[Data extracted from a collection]
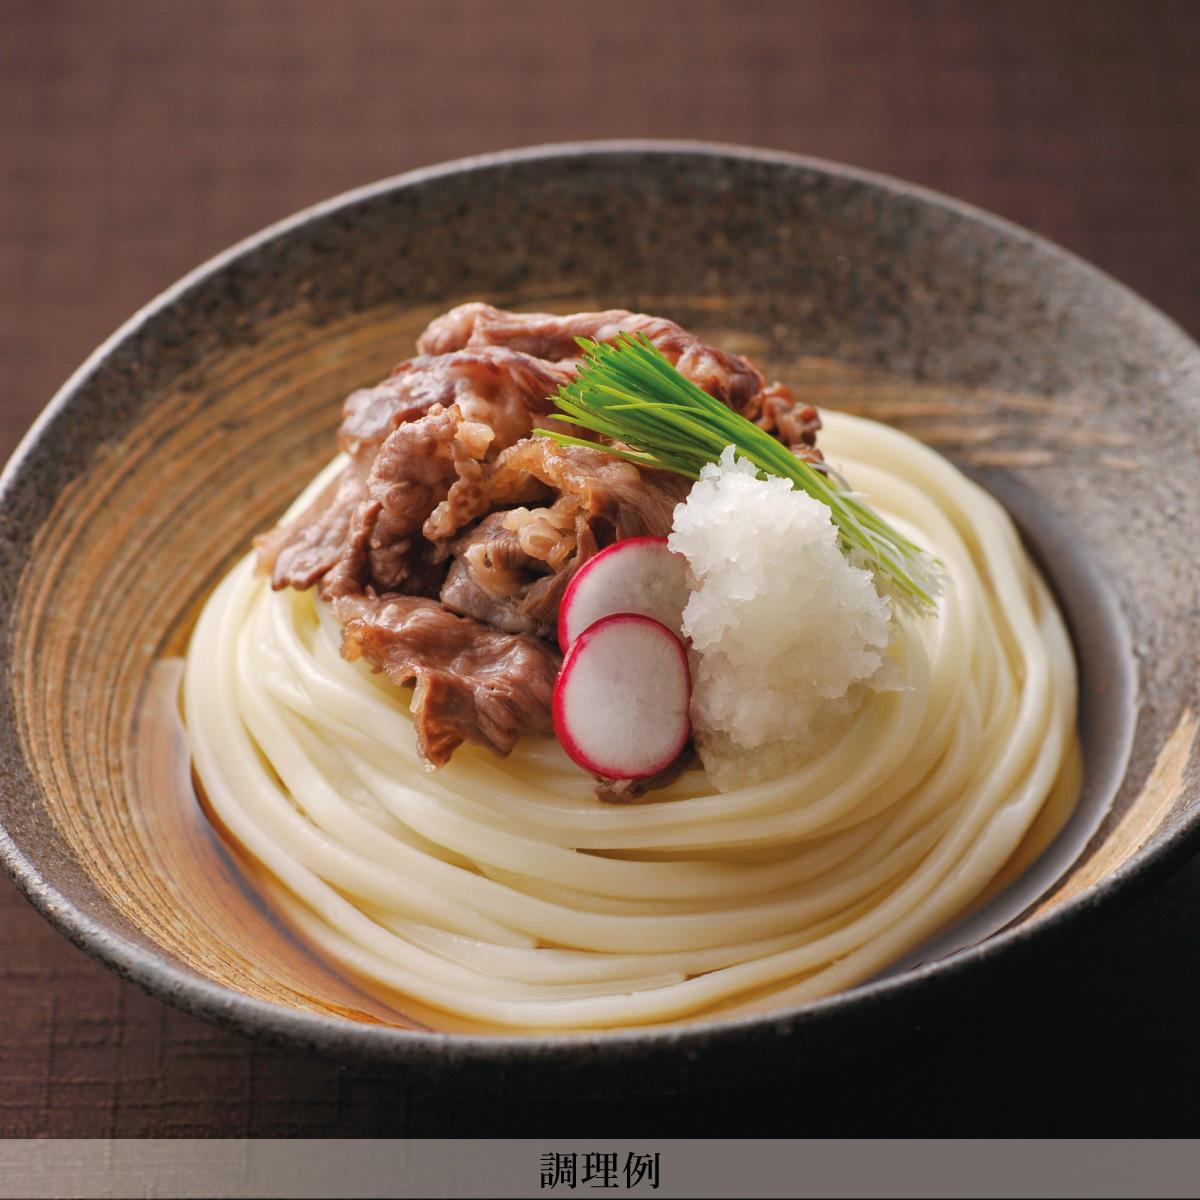 日本小麦倶楽部 半生讃岐うどん包丁切り(10袋)
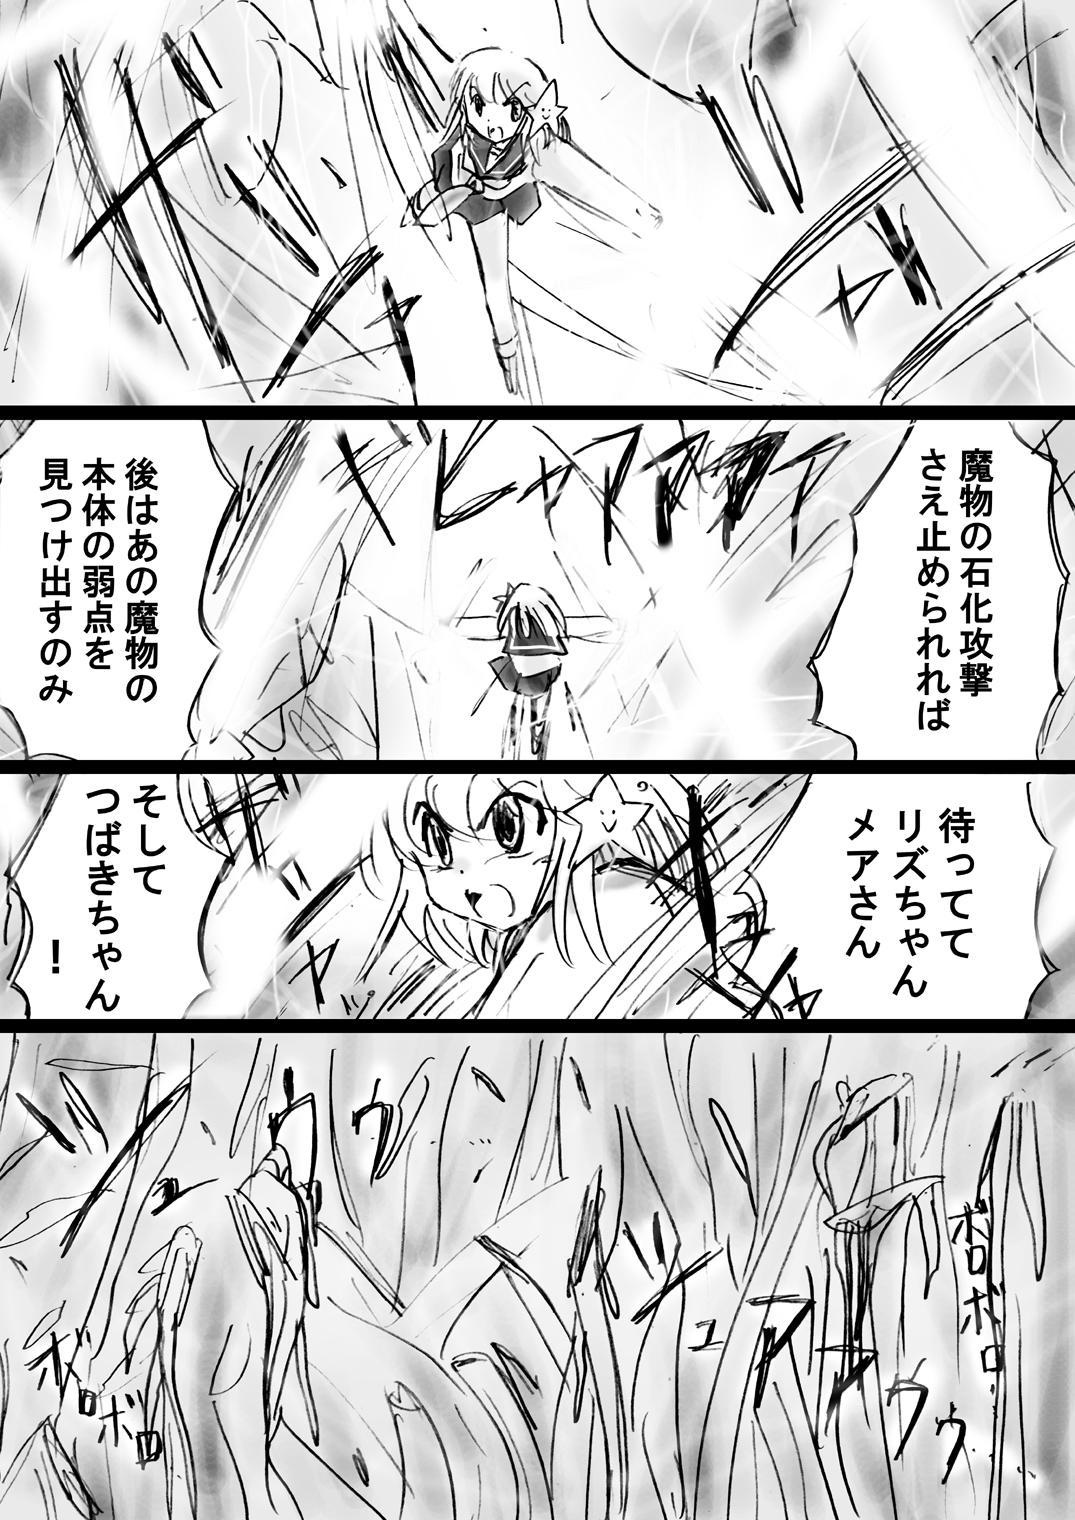 [Dende] Fushigi Sekai -Mystery World- no Nona 17 ~ Taiketsu Fujimi no Dai Inma Dakurasu, Kanzen Sekka no Kyoufu 55
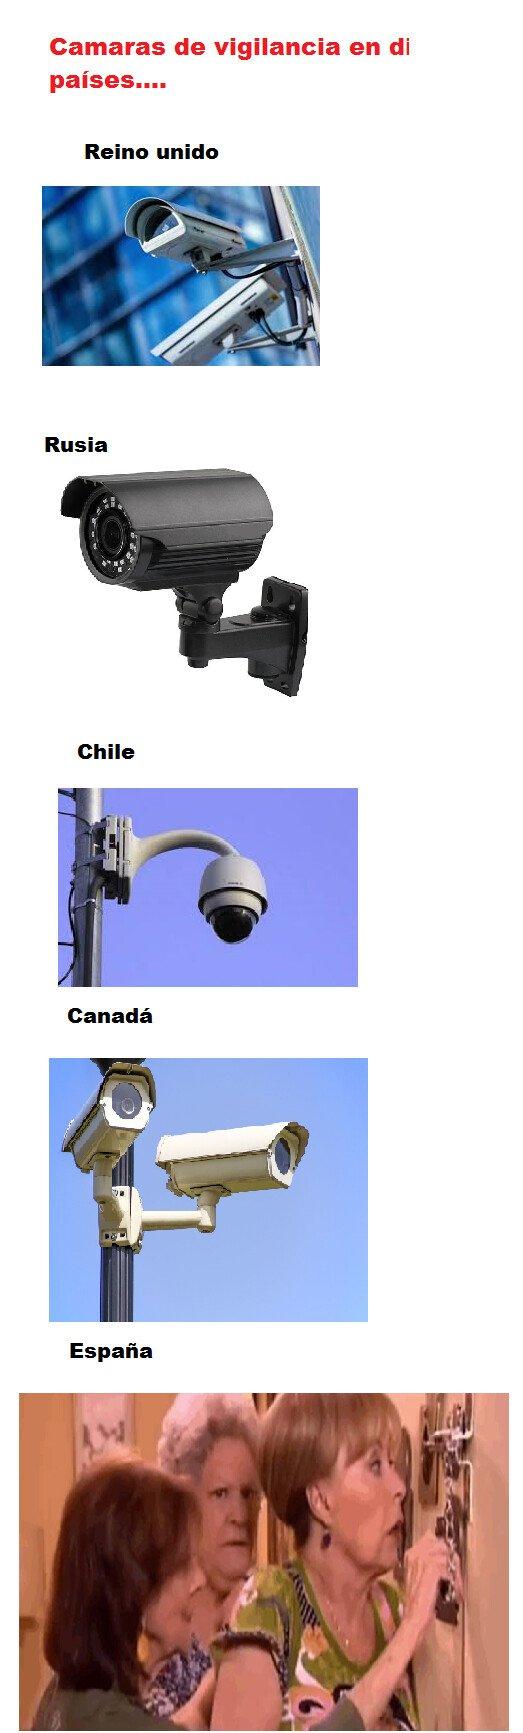 The_observer - No hay mejores cámaras de vigilancia que ellas
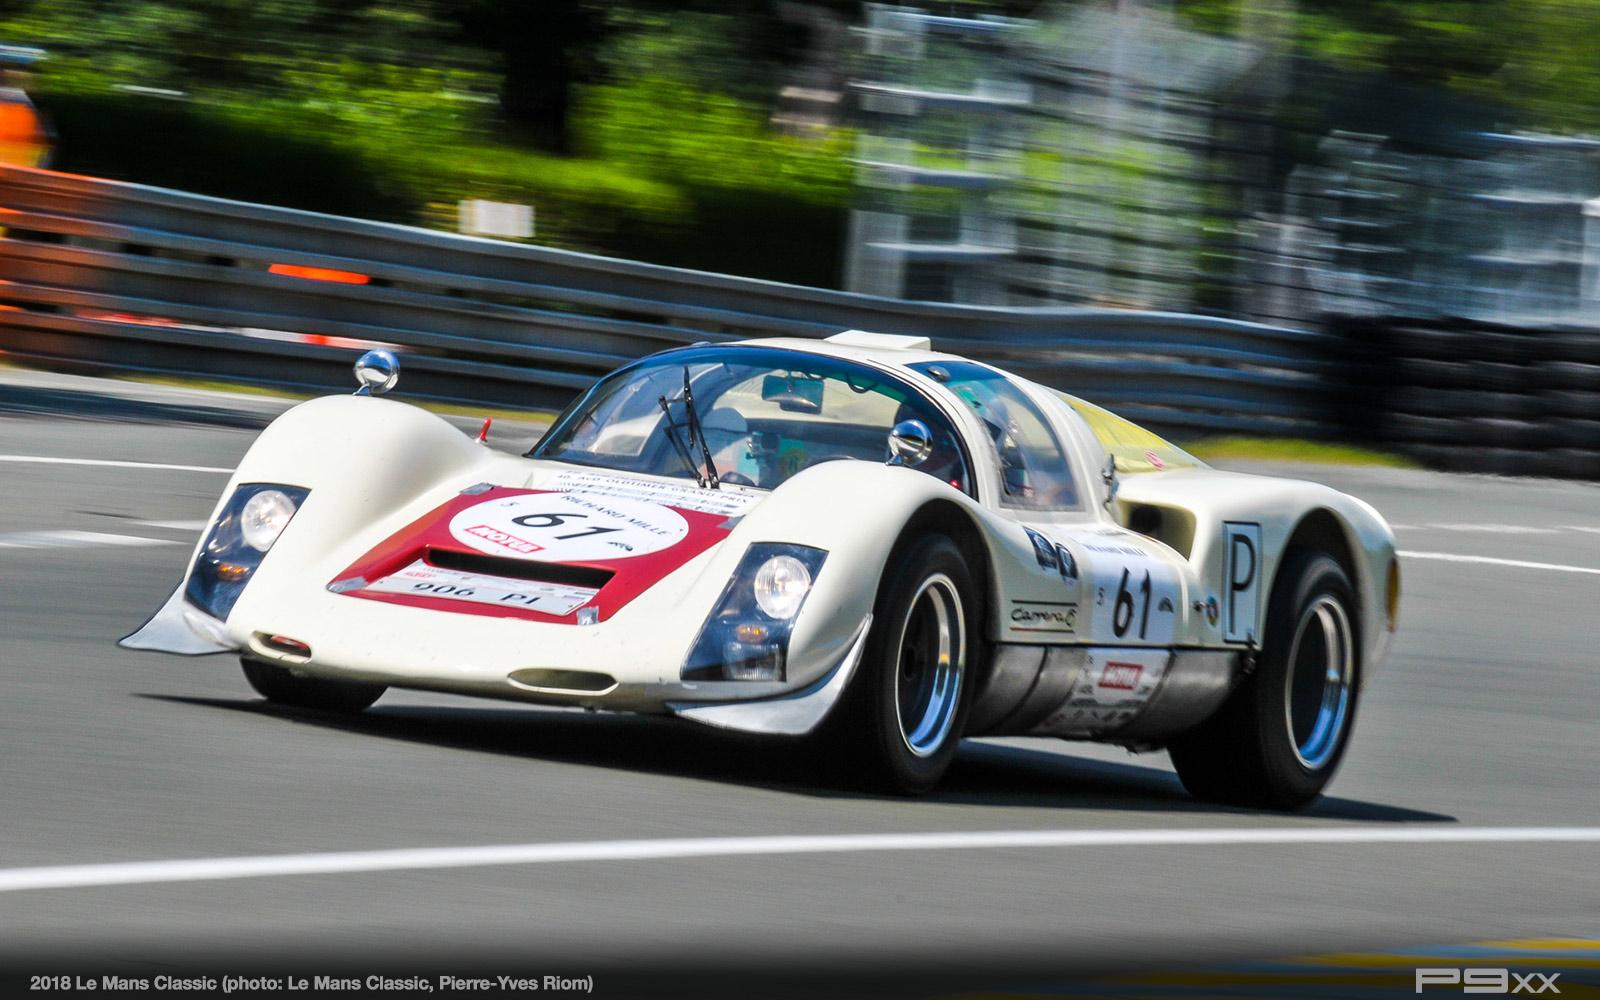 2018-Le-Mans-Classic-Porsche-359
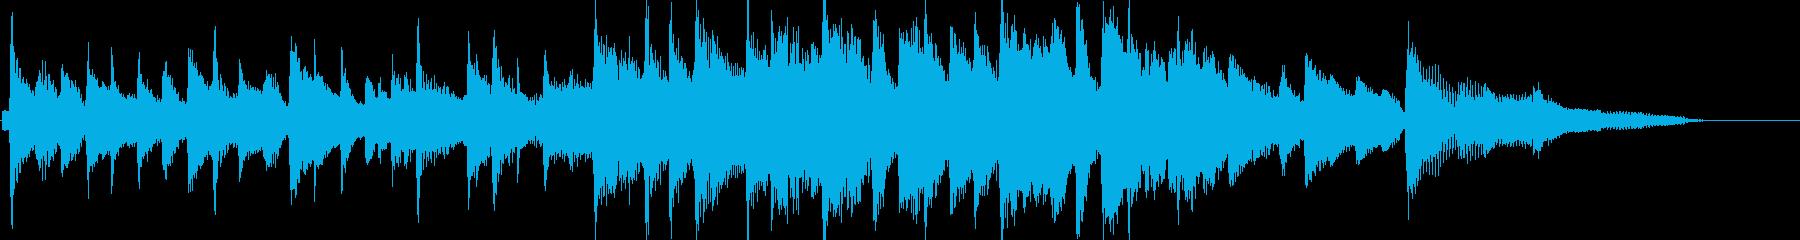 ピアノをメインとした爽やかな15秒楽曲の再生済みの波形
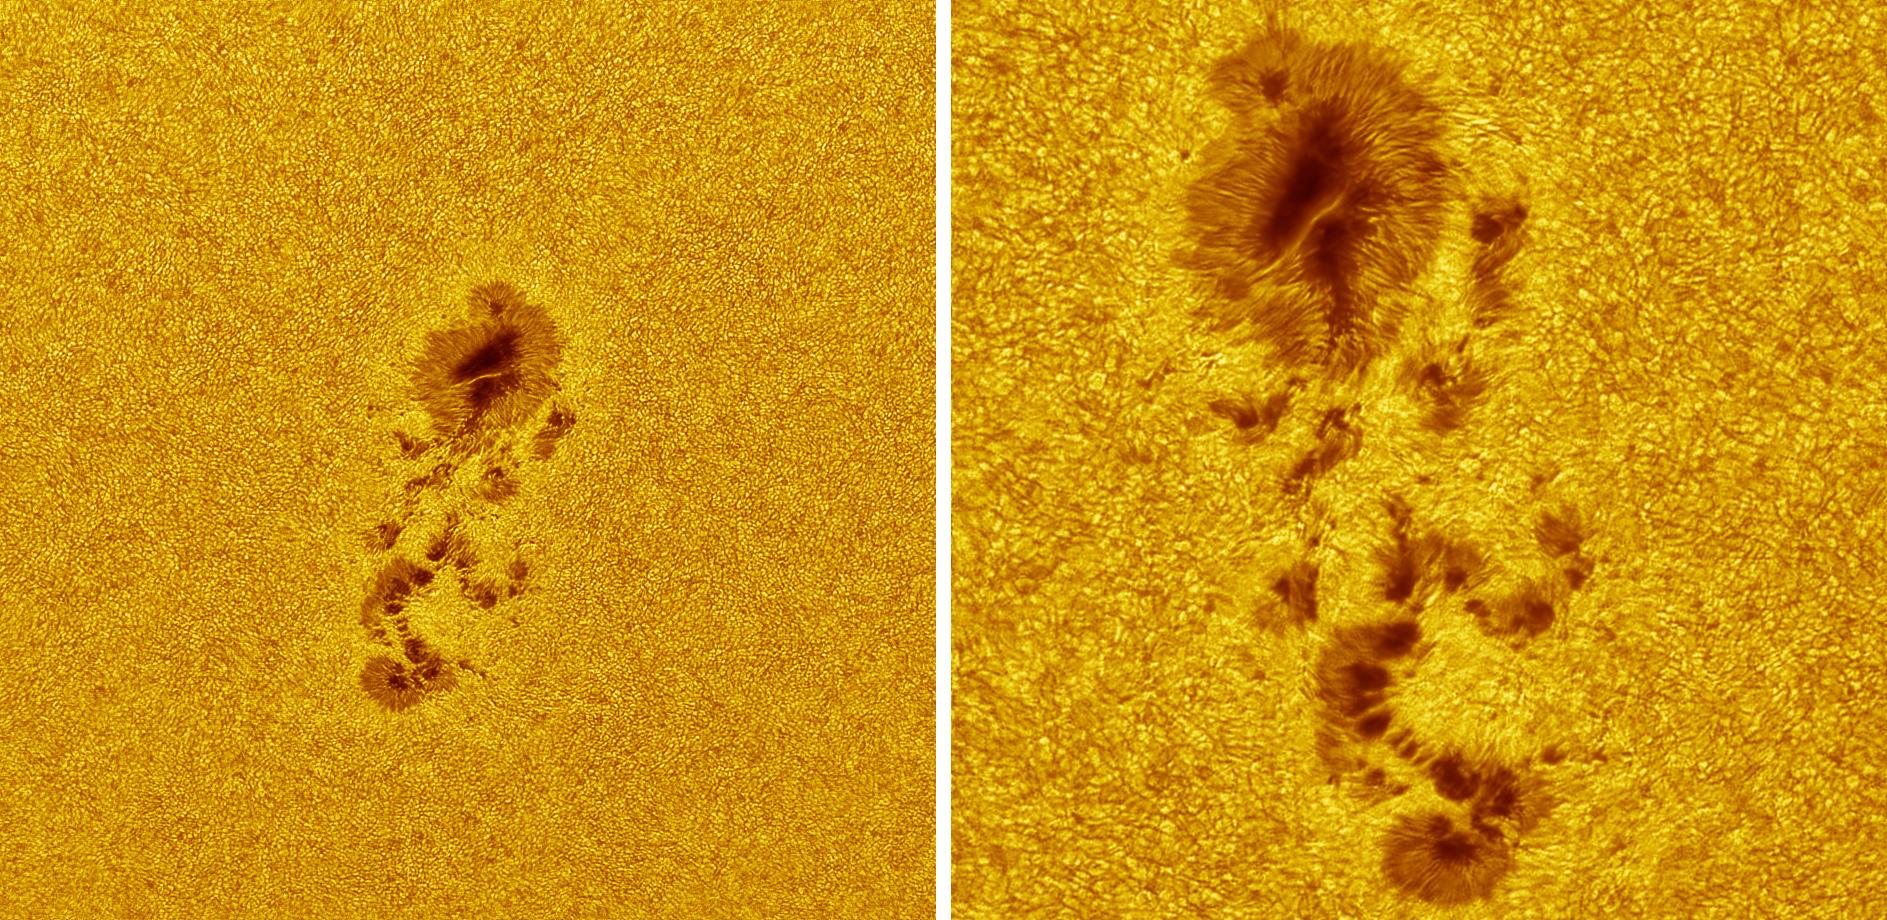 sun-spot-ASI174-ASI290

WORK INSTRUCTIONS: Find the line containing "[Dende] Fushigi Sekai" in the records above, then copy it and every line after it exactly, through the last one, without any pictures.

THE COMPLETED TASK:
 [Dende] Fushigi Sekai -Mystery World- no Nona 17 ~ Taiketsu Fujimi no Dai Inma Dakurasu, Kanzen Sekka no Kyoufu 55
 The_observer - No hay mejores cámaras de vigilancia que ellas
 2018-Le-Mans-Classic-Porsche-359
 ピアノをメインとした爽やかな15秒楽曲の再生済みの波形
 sun-spot-ASI174-ASI290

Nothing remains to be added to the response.